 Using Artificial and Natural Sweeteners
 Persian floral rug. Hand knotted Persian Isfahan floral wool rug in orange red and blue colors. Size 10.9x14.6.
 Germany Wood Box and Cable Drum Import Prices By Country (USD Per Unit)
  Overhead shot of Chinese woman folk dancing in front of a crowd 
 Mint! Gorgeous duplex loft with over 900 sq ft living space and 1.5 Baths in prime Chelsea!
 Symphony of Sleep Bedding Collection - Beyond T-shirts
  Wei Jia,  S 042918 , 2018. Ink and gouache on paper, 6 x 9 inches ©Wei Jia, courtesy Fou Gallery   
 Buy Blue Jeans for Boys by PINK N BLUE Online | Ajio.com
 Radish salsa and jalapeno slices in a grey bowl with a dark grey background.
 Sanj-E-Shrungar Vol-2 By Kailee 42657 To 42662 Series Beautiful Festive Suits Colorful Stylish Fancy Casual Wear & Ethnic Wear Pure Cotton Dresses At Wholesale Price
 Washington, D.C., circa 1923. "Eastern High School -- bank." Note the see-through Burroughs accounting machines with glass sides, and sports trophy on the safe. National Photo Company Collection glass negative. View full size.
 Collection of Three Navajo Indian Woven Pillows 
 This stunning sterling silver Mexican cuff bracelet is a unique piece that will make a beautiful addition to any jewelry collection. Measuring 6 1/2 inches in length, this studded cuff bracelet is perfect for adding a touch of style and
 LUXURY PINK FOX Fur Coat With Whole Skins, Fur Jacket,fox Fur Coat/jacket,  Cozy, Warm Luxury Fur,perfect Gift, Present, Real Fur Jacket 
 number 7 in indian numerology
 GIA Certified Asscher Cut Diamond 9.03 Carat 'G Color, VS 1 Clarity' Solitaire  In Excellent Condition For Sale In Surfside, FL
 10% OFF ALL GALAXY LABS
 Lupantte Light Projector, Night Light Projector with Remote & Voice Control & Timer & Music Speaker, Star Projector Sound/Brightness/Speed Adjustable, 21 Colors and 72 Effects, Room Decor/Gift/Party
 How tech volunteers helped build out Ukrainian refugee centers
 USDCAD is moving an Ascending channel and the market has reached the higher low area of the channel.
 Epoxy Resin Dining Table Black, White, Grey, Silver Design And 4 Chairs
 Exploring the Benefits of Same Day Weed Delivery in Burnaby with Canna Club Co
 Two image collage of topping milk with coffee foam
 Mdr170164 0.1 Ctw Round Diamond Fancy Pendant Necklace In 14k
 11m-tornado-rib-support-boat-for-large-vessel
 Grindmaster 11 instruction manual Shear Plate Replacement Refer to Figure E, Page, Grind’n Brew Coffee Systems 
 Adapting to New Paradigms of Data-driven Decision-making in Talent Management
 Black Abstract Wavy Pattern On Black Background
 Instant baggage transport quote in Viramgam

☆ ☆ ☆ ☆ ☆ ☆ ☆

_Task instructions_
All lines in the records above that contain "perfect" are to be reported.

_Your solution_
 This stunning sterling silver Mexican cuff bracelet is a unique piece that will make a beautiful addition to any jewelry collection. Measuring 6 1/2 inches in length, this studded cuff bracelet is perfect for adding a touch of style and
 LUXURY PINK FOX Fur Coat With Whole Skins, Fur Jacket,fox Fur Coat/jacket,  Cozy, Warm Luxury Fur,perfect Gift, Present, Real Fur Jacket 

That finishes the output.